--- DATA RECORDS ---
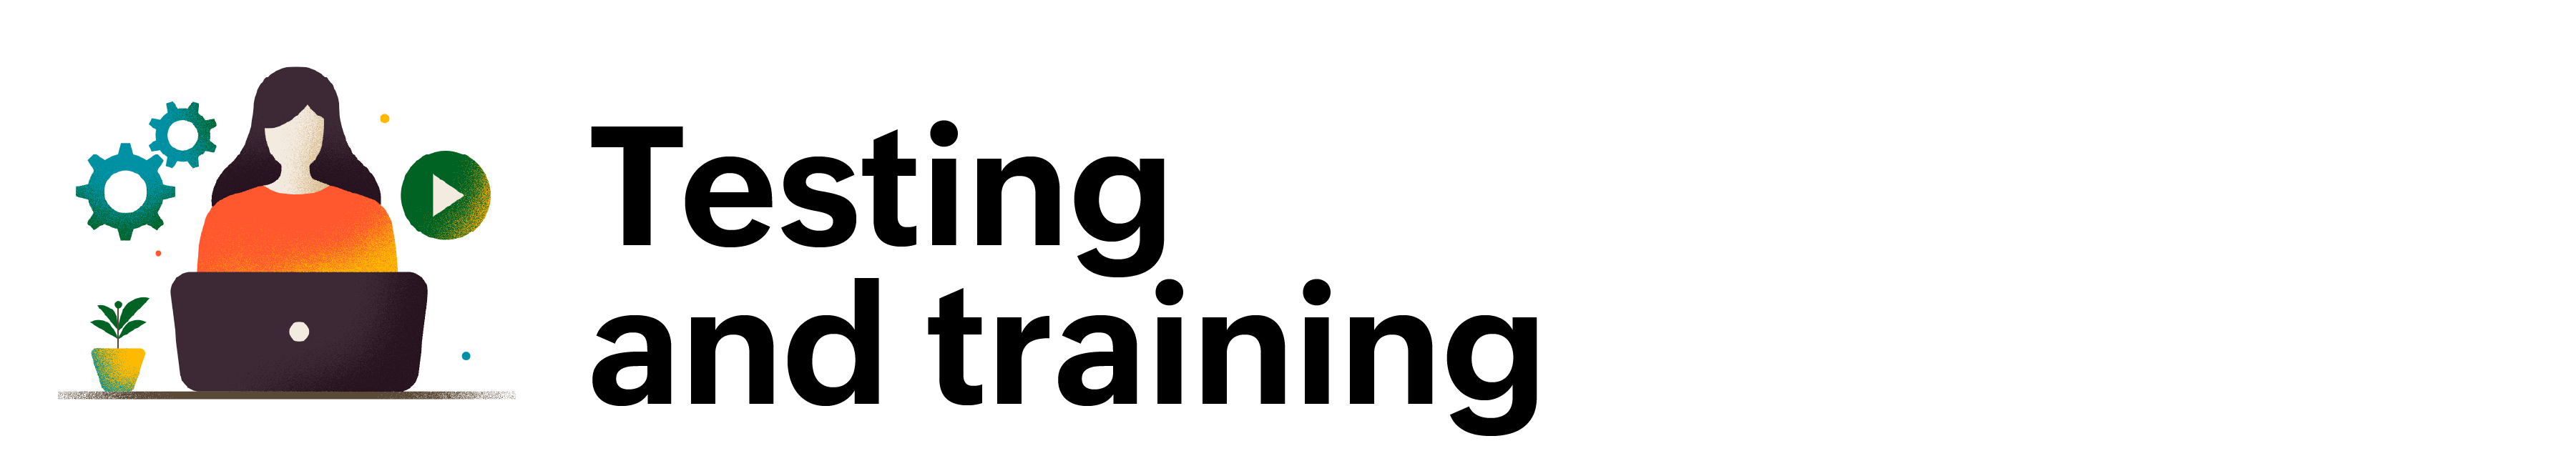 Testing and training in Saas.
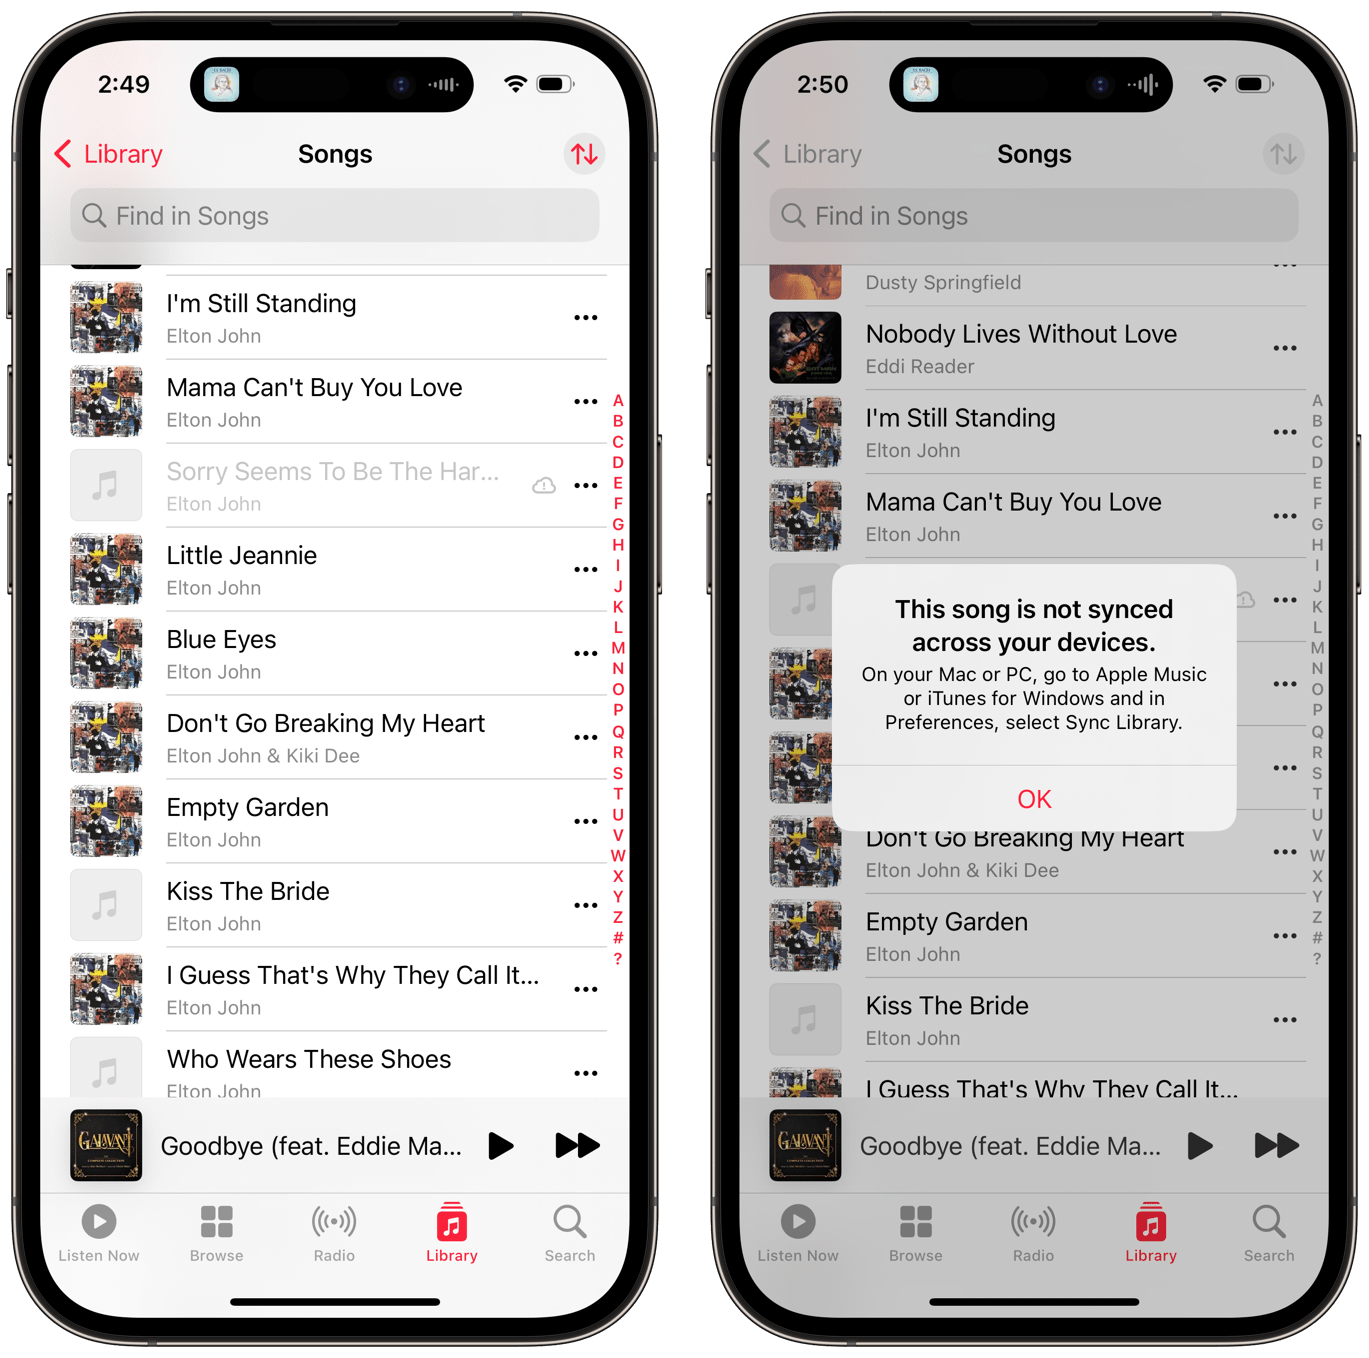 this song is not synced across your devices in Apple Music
---
--- DATA RECORDS ---
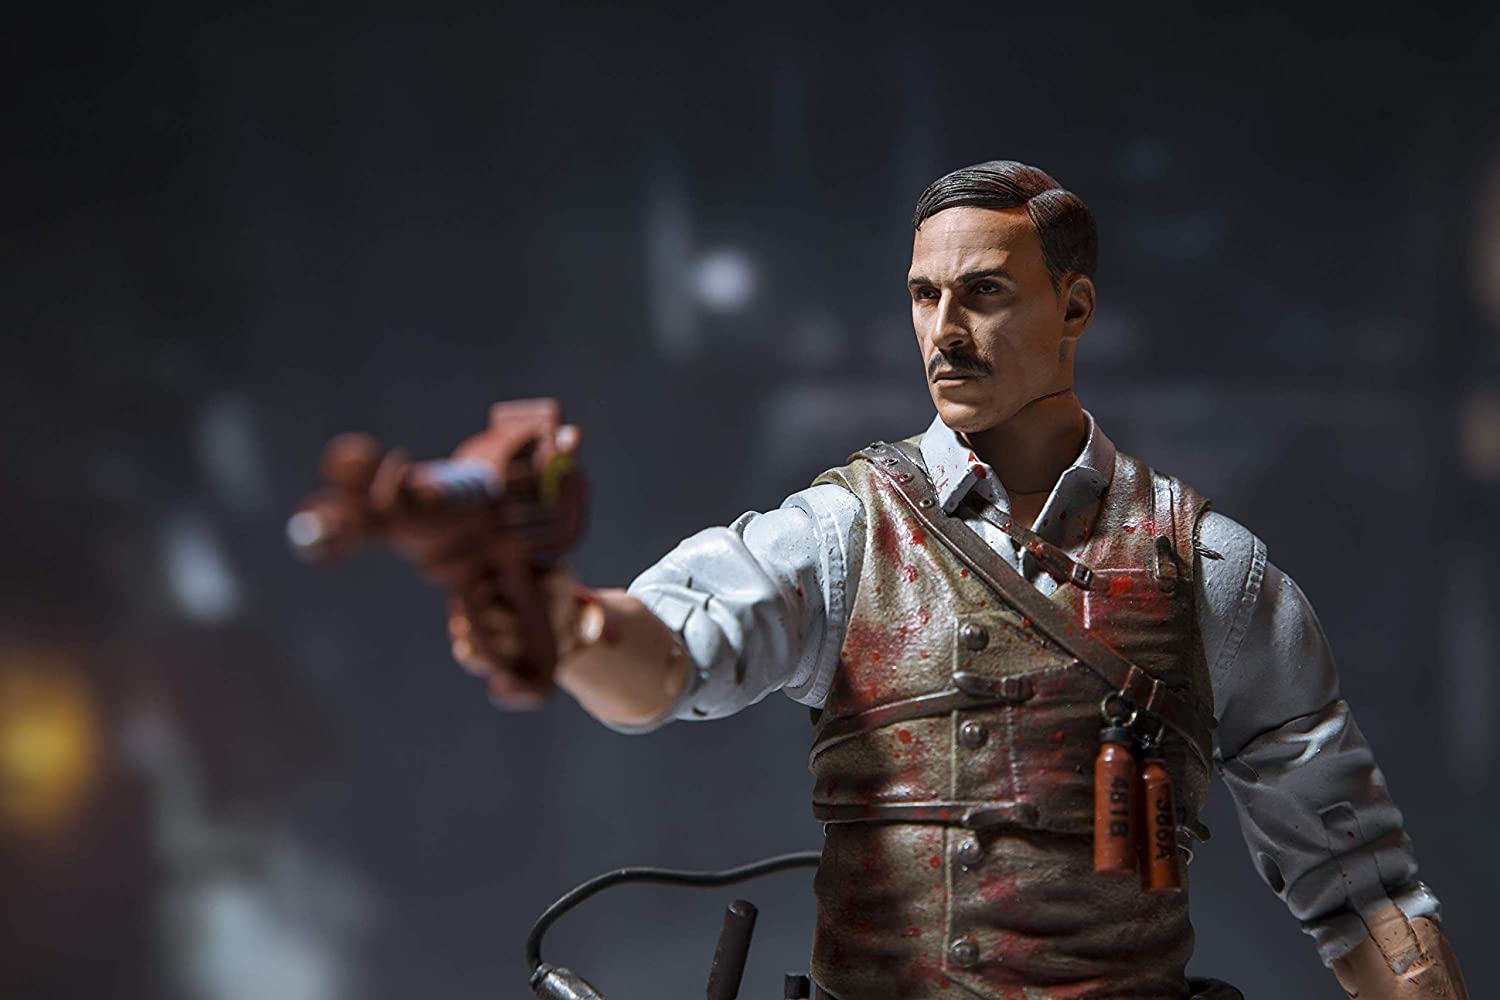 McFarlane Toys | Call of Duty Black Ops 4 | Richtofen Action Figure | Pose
---
→ WHAT TO WORK ON: Find where the line with "Testing and training in Saas." sits in the material above and where the line with "this song is" sits. Set down exactly the lines from the first to the second, both included and nothing else, without pictures.

→ ANSWER SPACE:
 Testing and training in Saas.
 this song is not synced across your devices in Apple Music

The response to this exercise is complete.